Time Frequency Analysis of EMG Signal for Gesture Recognition using Fine grained Features
Parshuram N. Aarotale, Ajita Rattani
TL;DR
This work tackles EMG-based gesture recognition by addressing fine-grained temporal-frequency cues that conventional CNNs often miss. It introduces XMANet, a cross-layer mutual attention network that treats each CNN layer as an expert and exchanges attention across shallow-to-deep layers, augmented by attention-based crops and a mutual learning schedule. Representations from STFT spectrograms and wavelet-based scalograms are used to create rich time-frequency inputs, and experiments on Grabmyo and FORS-EMG show consistent accuracy gains over strong CNN baselines across multiple backbones. The approach improves robustness and accuracy in EMG gesture classification, suggesting strong potential for prosthetic control and human–machine interfaces, with future work towards fairness and self-supervised signal representations.
Abstract
Electromyography (EMG) based hand gesture recognition converts forearm muscle activity into control commands for prosthetics, rehabilitation, and human computer interaction.

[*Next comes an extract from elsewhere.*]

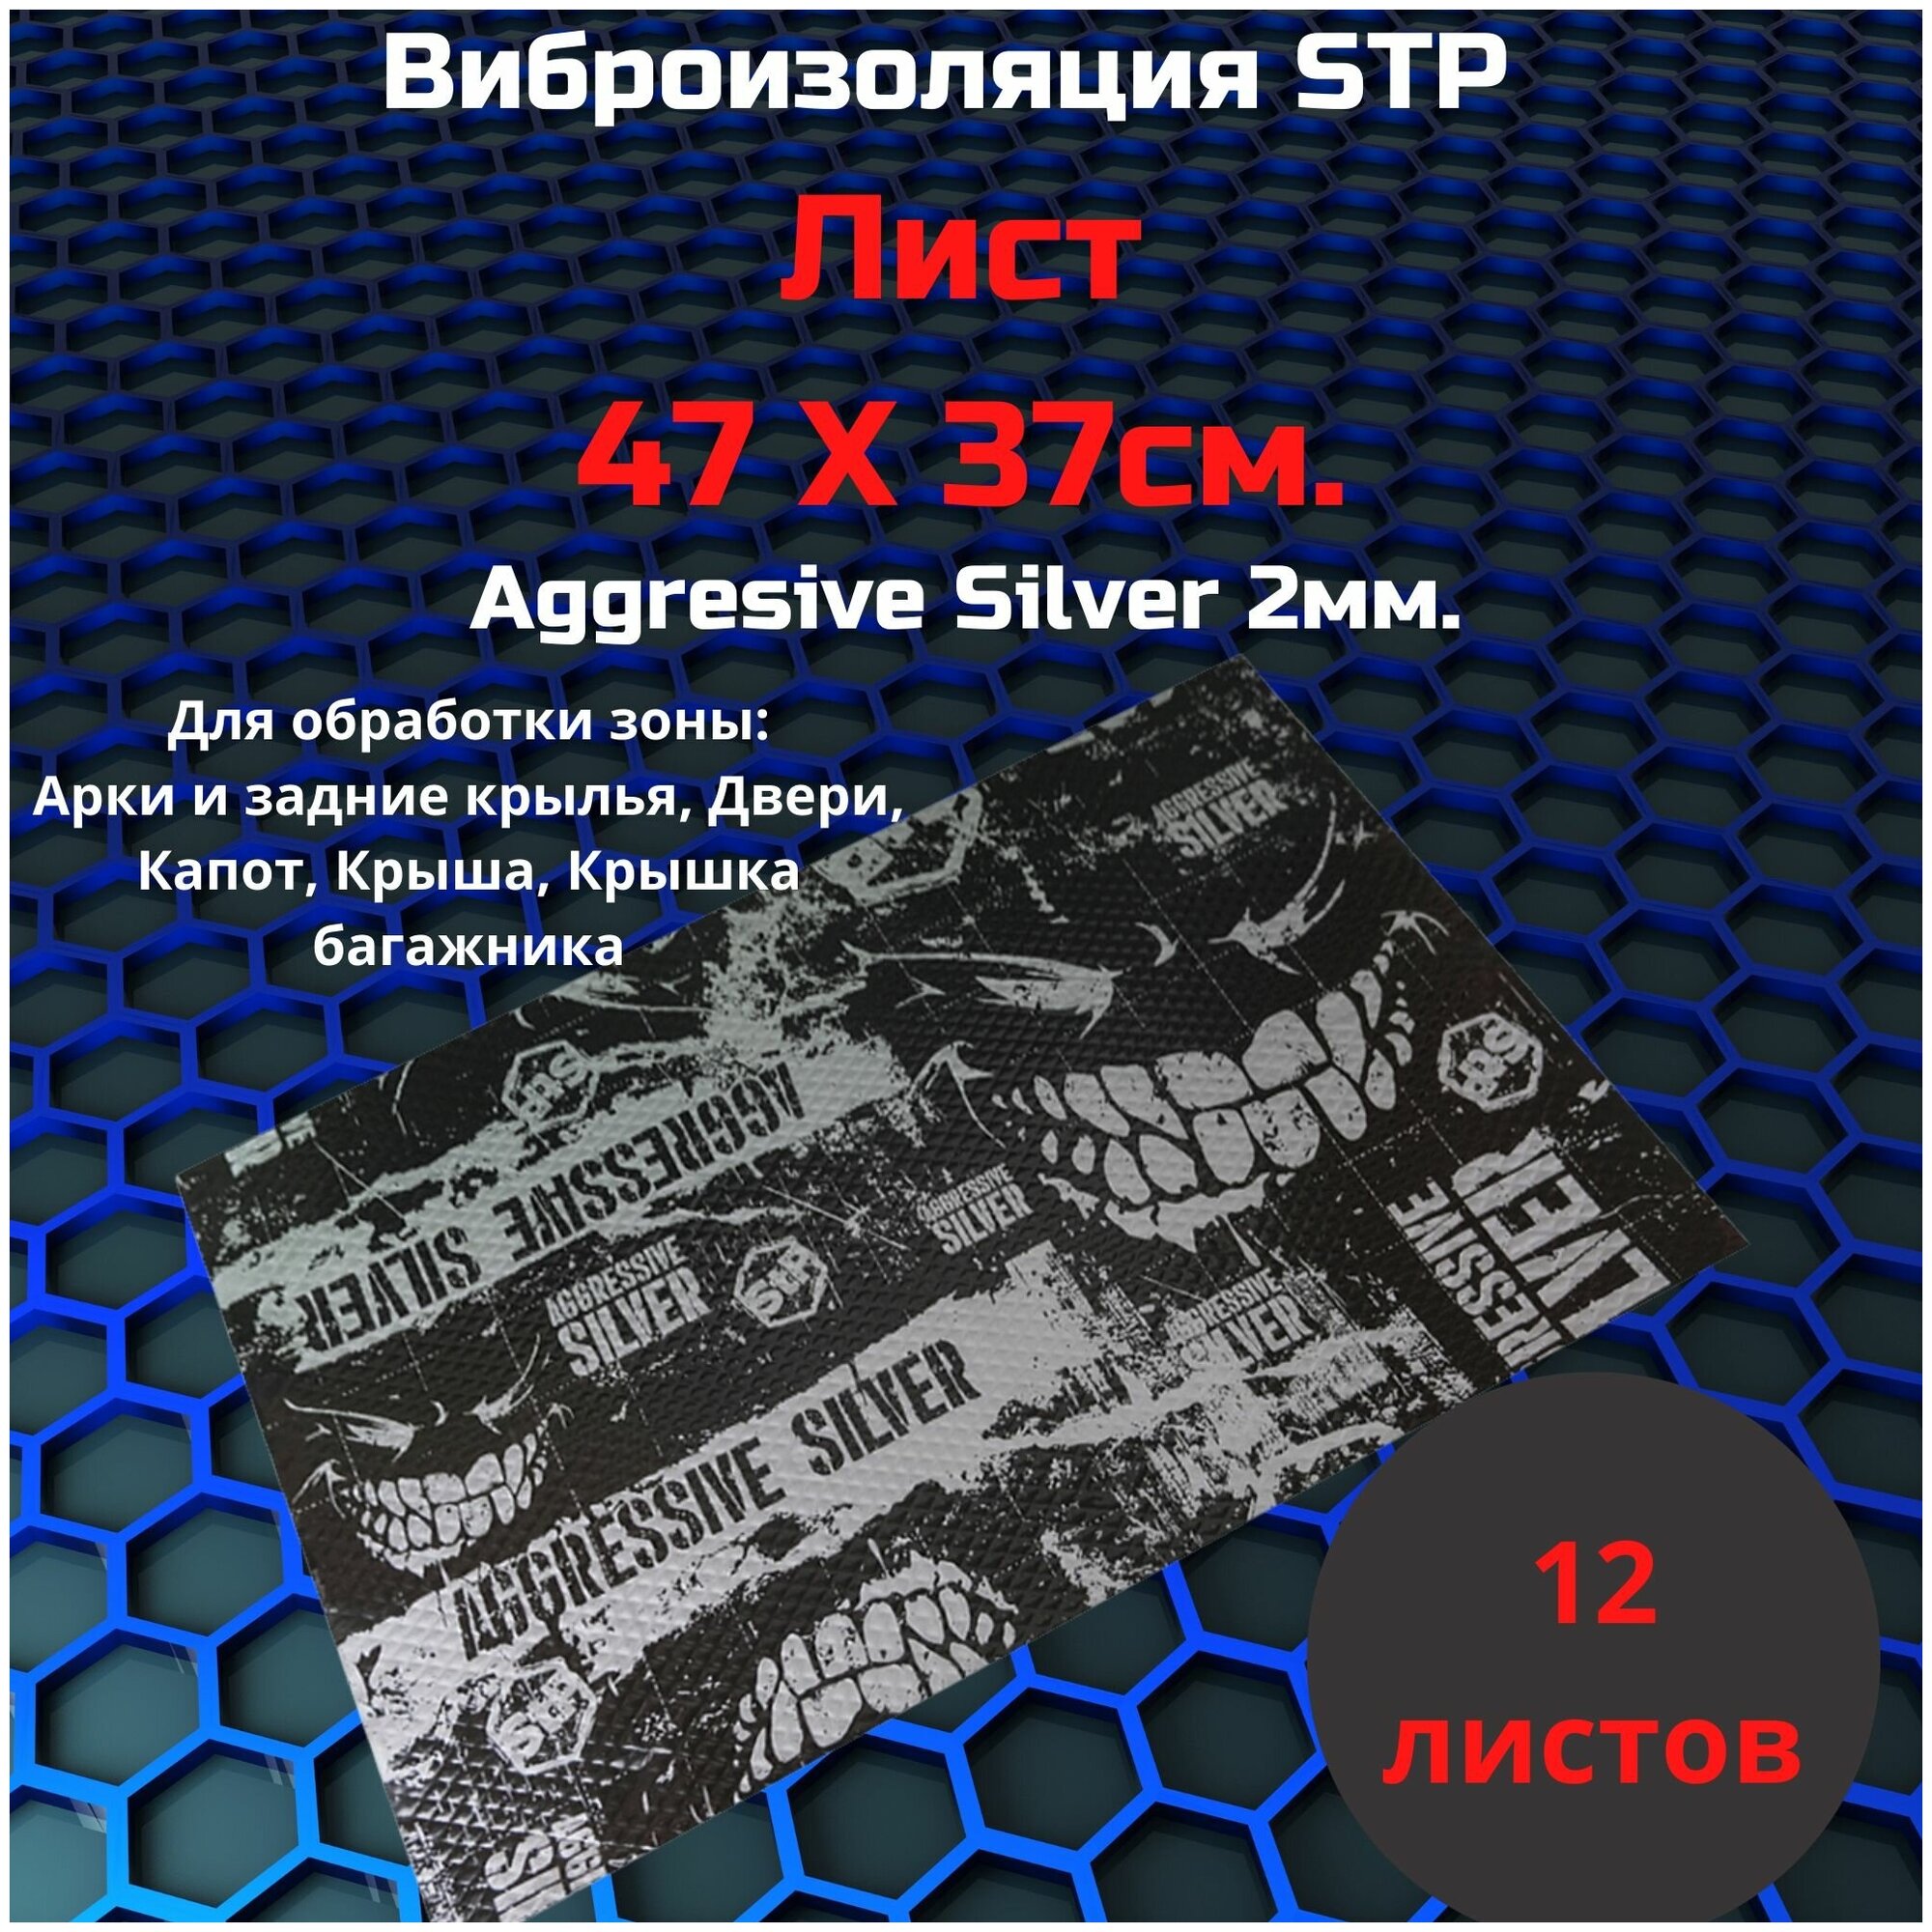 Виброизоляция Stp Aggressive Silver (MINI)/Вибродемпфер СТП Агрессив сильвер мини 12 листов.(375*47)

This paper proposes a novel approach to EMG-based hand gesture recognition that uses fine-grained classification and presents XMANet, which unifies low-level local and high level semantic cues through cross layer mutual attention among shallow to deep CNN experts. Using stacked spectrograms and scalograms derived from the Short Time Fourier Transform (STFT) and Wavelet Transform (WT), we benchmark XMANet against ResNet50, DenseNet-121, MobileNetV3, and EfficientNetB0. Experimental results on the Grabmyo dataset indicate that, using STFT, the proposed XMANet model outperforms the baseline ResNet50, EfficientNetB0, MobileNetV3, and DenseNet121 models with improvement of approximately 1.72%, 4.38%, 5.10%, and 2.53%, respectively. When employing the WT approach, improvements of around 1.57%, 1.88%, 1.46%, and 2.05% are observed over the same baselines. Similarly, on the FORS EMG dataset, the XMANet(ResNet50) model using STFT shows an improvement of about 5.04% over the baseline ResNet50. In comparison, the XMANet(DenseNet121) and XMANet(MobileNetV3) models yield enhancements of approximately 4.11% and 2.81%, respectively. Moreover, when using WT, the proposed XMANet achieves gains of around 4.26%, 9.36%, 5.72%, and 6.09% over the baseline ResNet50, DenseNet121, MobileNetV3, and EfficientNetB0 models, respectively. These results confirm that XMANet consistently improves performance across various architectures and signal processing techniques, demonstrating the strong potential of fine grained features for accurate and robust EMG classification.